Annual Nakba Commemoration Dinner Speech

For further background you should know that up to this moment I had enjoyed a very special relationship with the “Old Man”. It started early in 1980 when I became the linkman in a secret, exploratory dialogue between him and Shimon Peres, who was then the leader of Israel’s main opposition Labour Party. The hope everywhere at the time, especially in Jimmy Carter’s White House, was that Peres would win Israel’s next election and deny Menachem Begin, the world’s most successful terrorist leader, a second term as prime minister. President Carter was in despair because he had been prevented by Begin and the Zionist Lobby from bringing Arafat and the PLO into the peace process. Working to a Security Council background briefing, my mission was to try to build a bridge of understanding between Arafat and Peres so that in the event of Peres winning the election and becoming prime minister, he could get into public dialogue with Arafat. When Arafat agreed to participate in what I called a conspiracy for peace, he said this to me: “You must understand that I am putting my life into your hands. If word of this leaks before I have something concrete to show for it, I will be assassinated.”

Some years later I discovered who the assassin would have been. Over lunch in his home, I told Abu Iyad the story of my secret shuttle diplomacy between Arafat and Peres, and I ended by quoting what Arafat had said to me at the start of it – that he would be assassinated if word that he was engaged in dialogue with Peres through me leaked. Abu Iyad said: “He was telling you the truth. I would not have ordered anybody else to shoot him, I would have done it myself, with my own gun.”

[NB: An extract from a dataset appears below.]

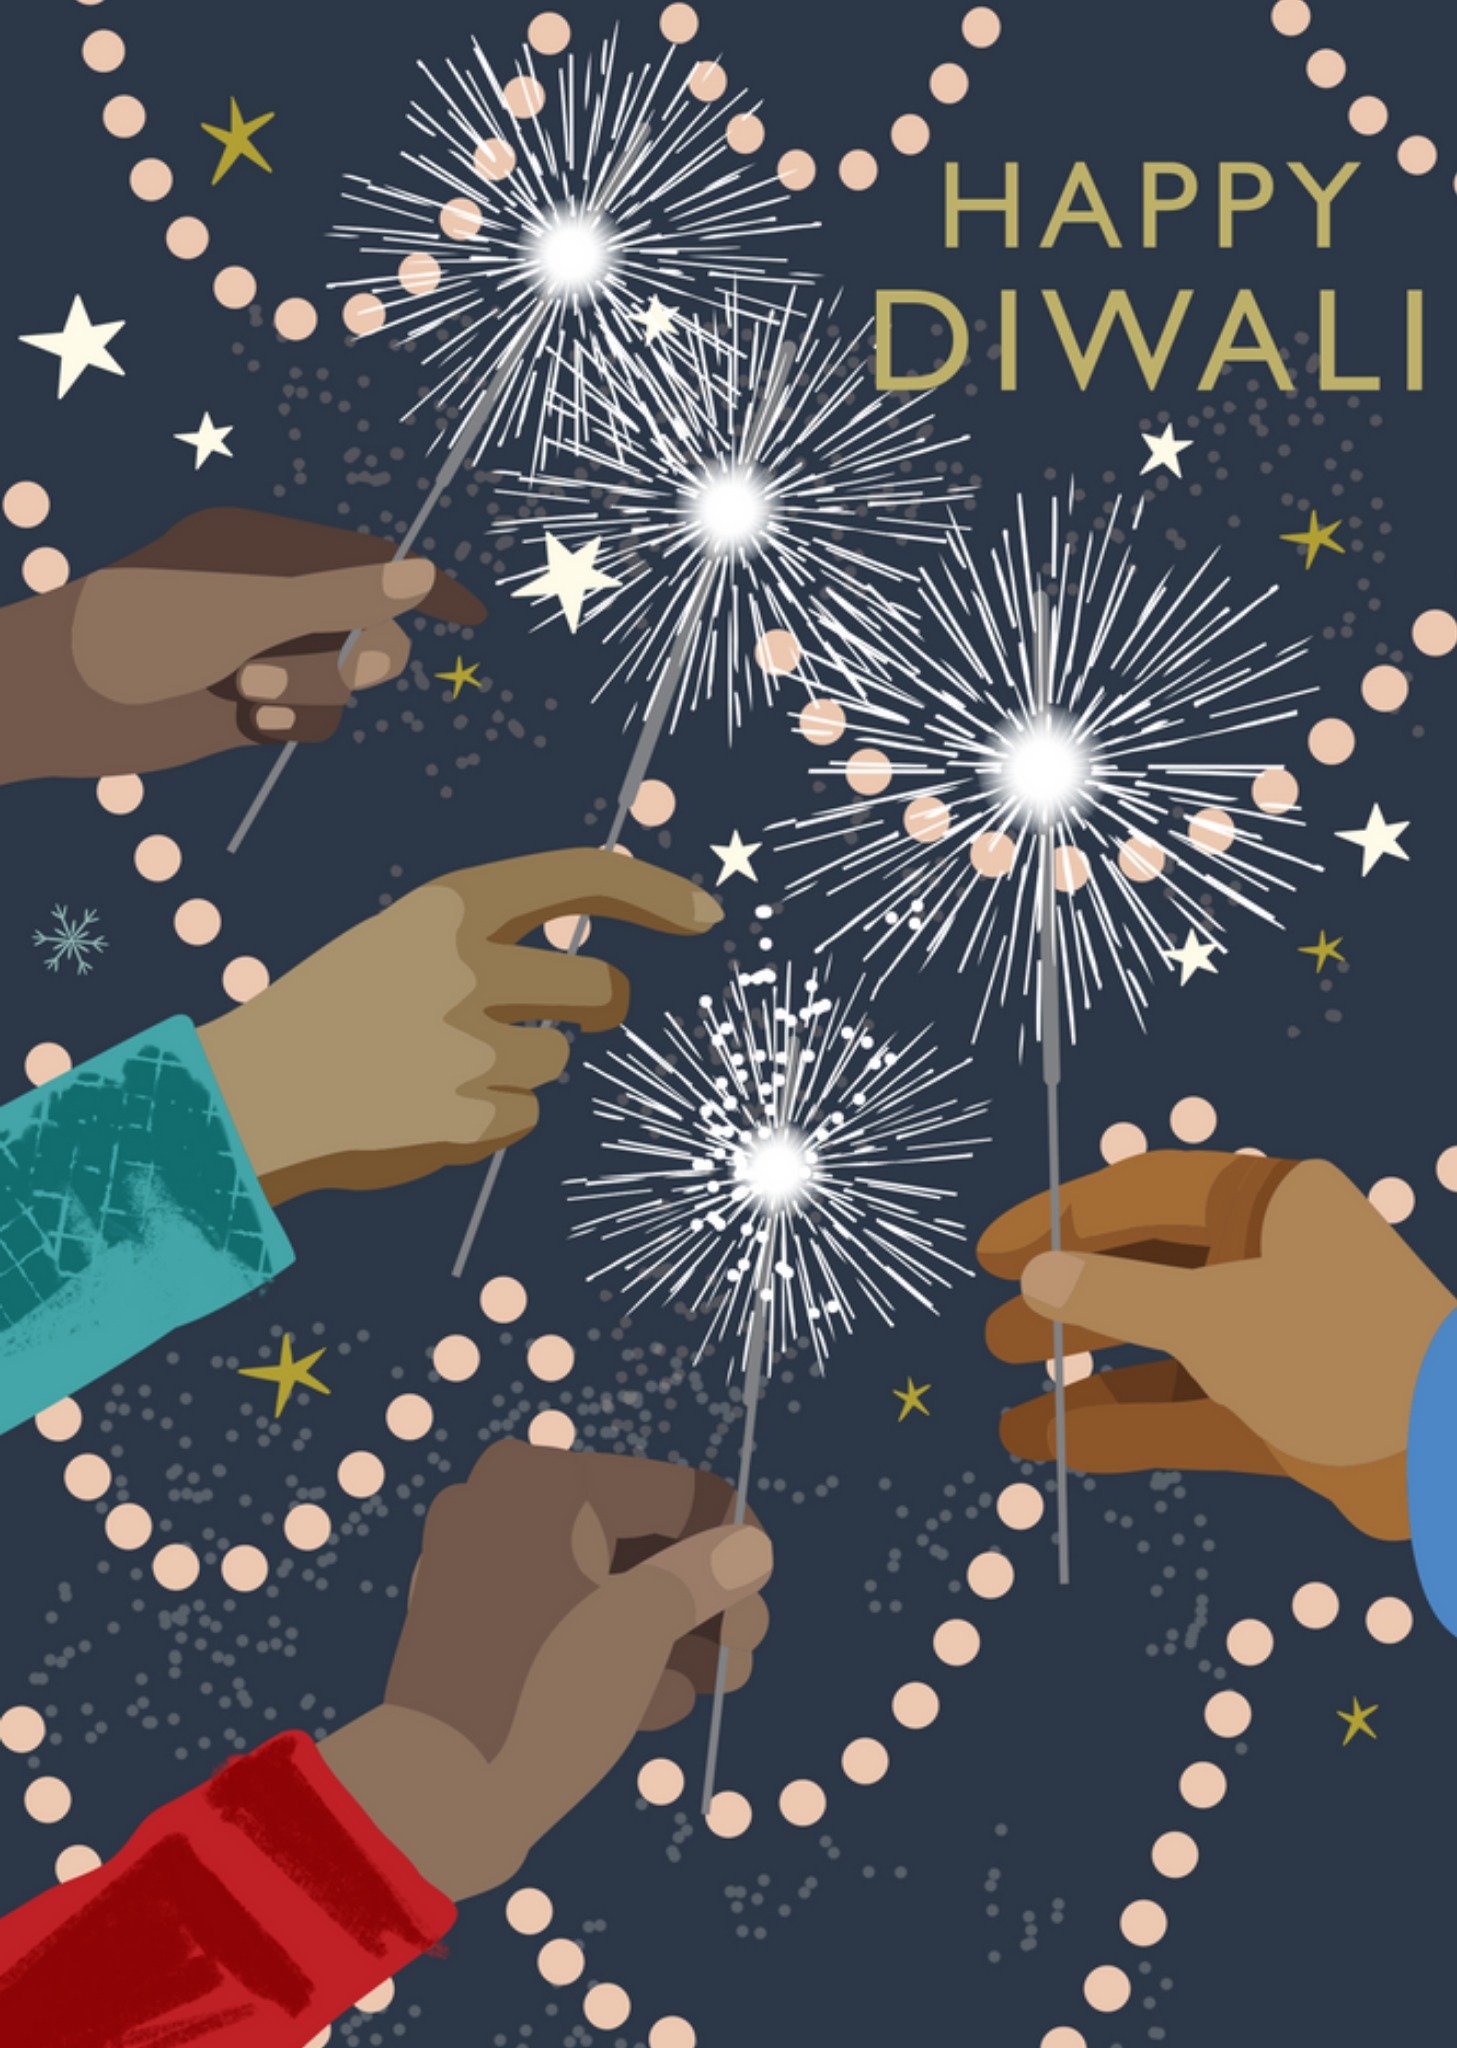 Moonpig Cheerful Illustrated Hands Holding Sparklers Happy Diwali Card, Large
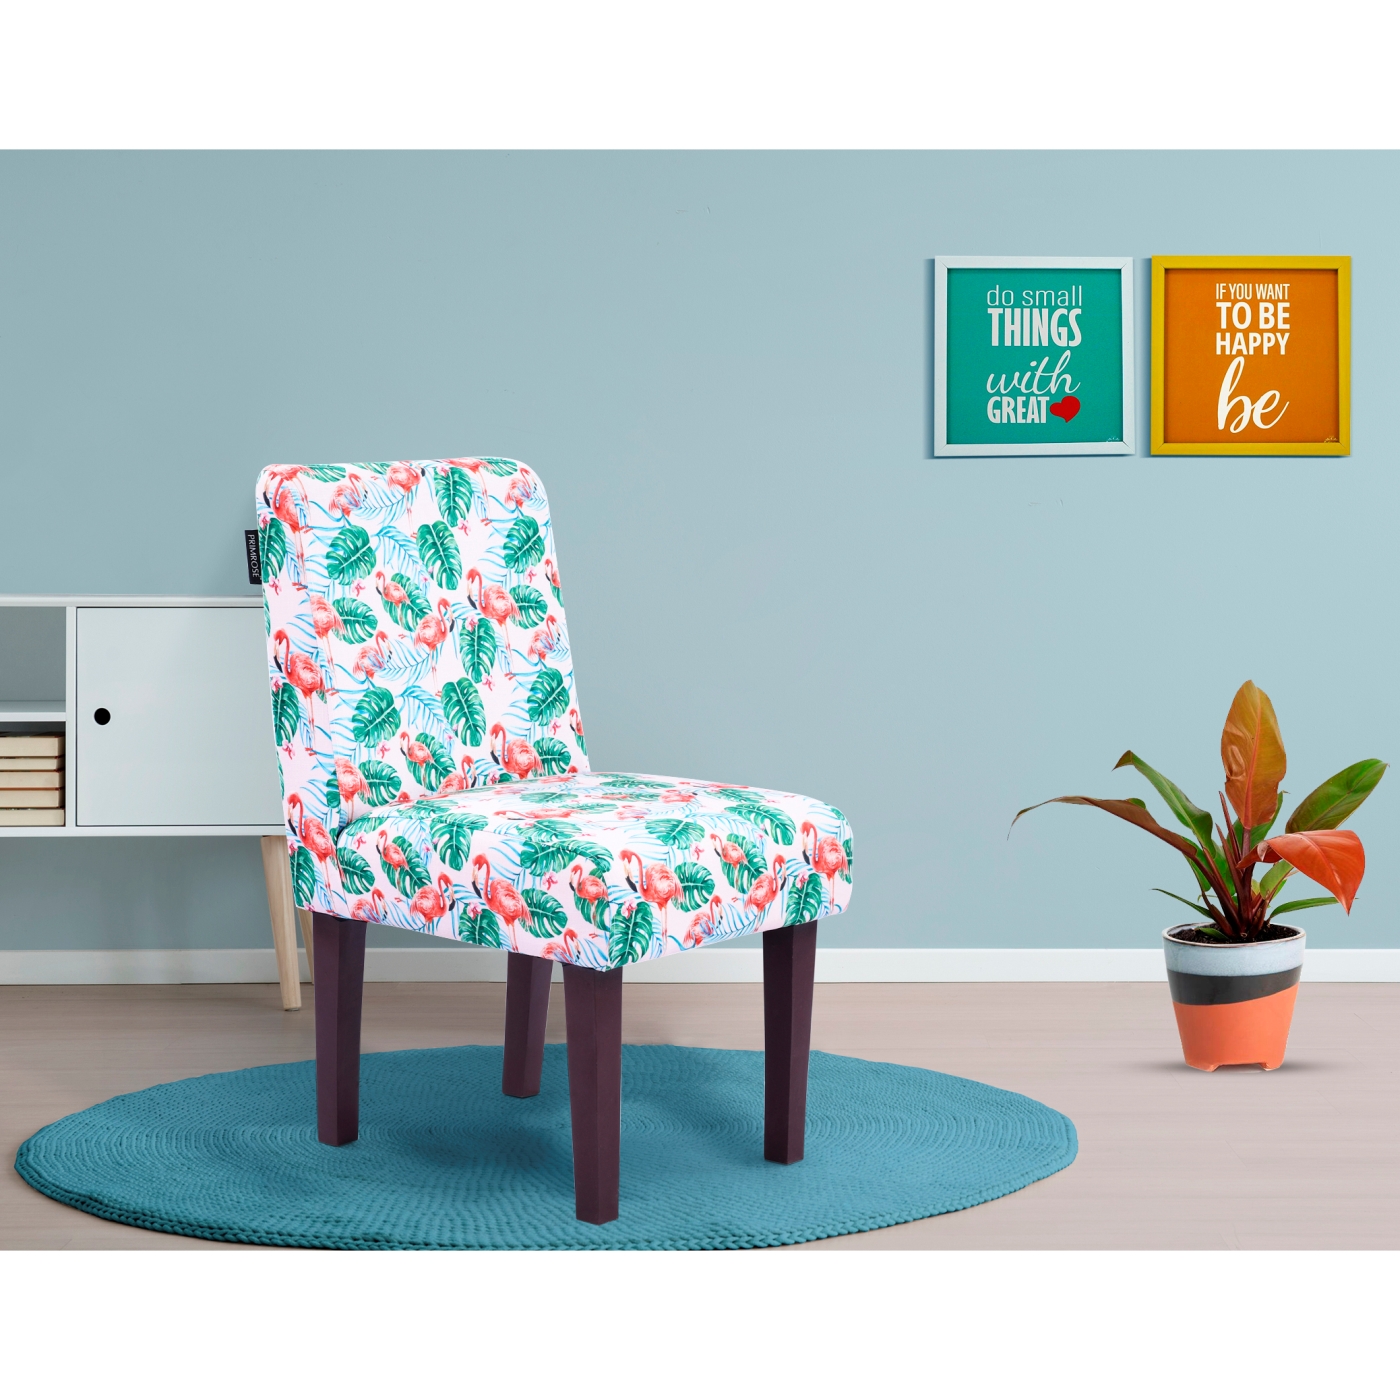 PRIMROSE Tropical Flamingo Digital Printed Faux Linen Fabric Dining Chair - Red, Green

The following day I told Arafat what Abu Iyad had said. He gave me a long, hard look. Then, in a very matter of fact voice, he said: “I knew that. Abu Iyad would have been the one to do it.” (For those in this audience who may not be familiar with Fatah and PLO politics in 1980 when I started my secret, shuttle diplomacy, Abu Iyad was then the one in Fatah’s top leadership who believed that Arafat’s decision to continue the struggle by politics and diplomacy alone was wrong).

The full, inside story of my shuttle diplomacy is in the forthcoming Volume 3 of the American edition of Zionism: The Real Enemy of the Jews. To wet your appetite for it, and before I get to the climax of my favourite Arafat story, I’ll tell you another because it illustrates how pragmatic, how flexible and how serious Arafat was in his effort to do business with Israel, in order to get an acceptable minimum of justice for his people.

At a point in my to’ing and fro-ing between Arafat in Beirut and Peres in Tel Aviv, I decided that we had made enough progress to suggest that they should have a secret, face-to-face meeting. I suggested it first to Arafat. (For background I should tell you that he was not consulting any of his leadership colleagues). When I put the idea to him, Arafat had only one question – What, really, were the prospects of Peres winning the next election and becoming prime minister? I said the expectation in Israel was that he would win. The polls were actually giving his Labour Party a more than 20% lead over Begin’s Likud. Arafat then said, “Yes, I’ll meet with him.” He had only one condition. The meeting could not take place “anywhere on Arab soil”. I said that was no problem. I lived in a rural even remote part of southern England and the meeting could take place in my home. Arafat said, “You have tell me only where and when and I’ll be there“.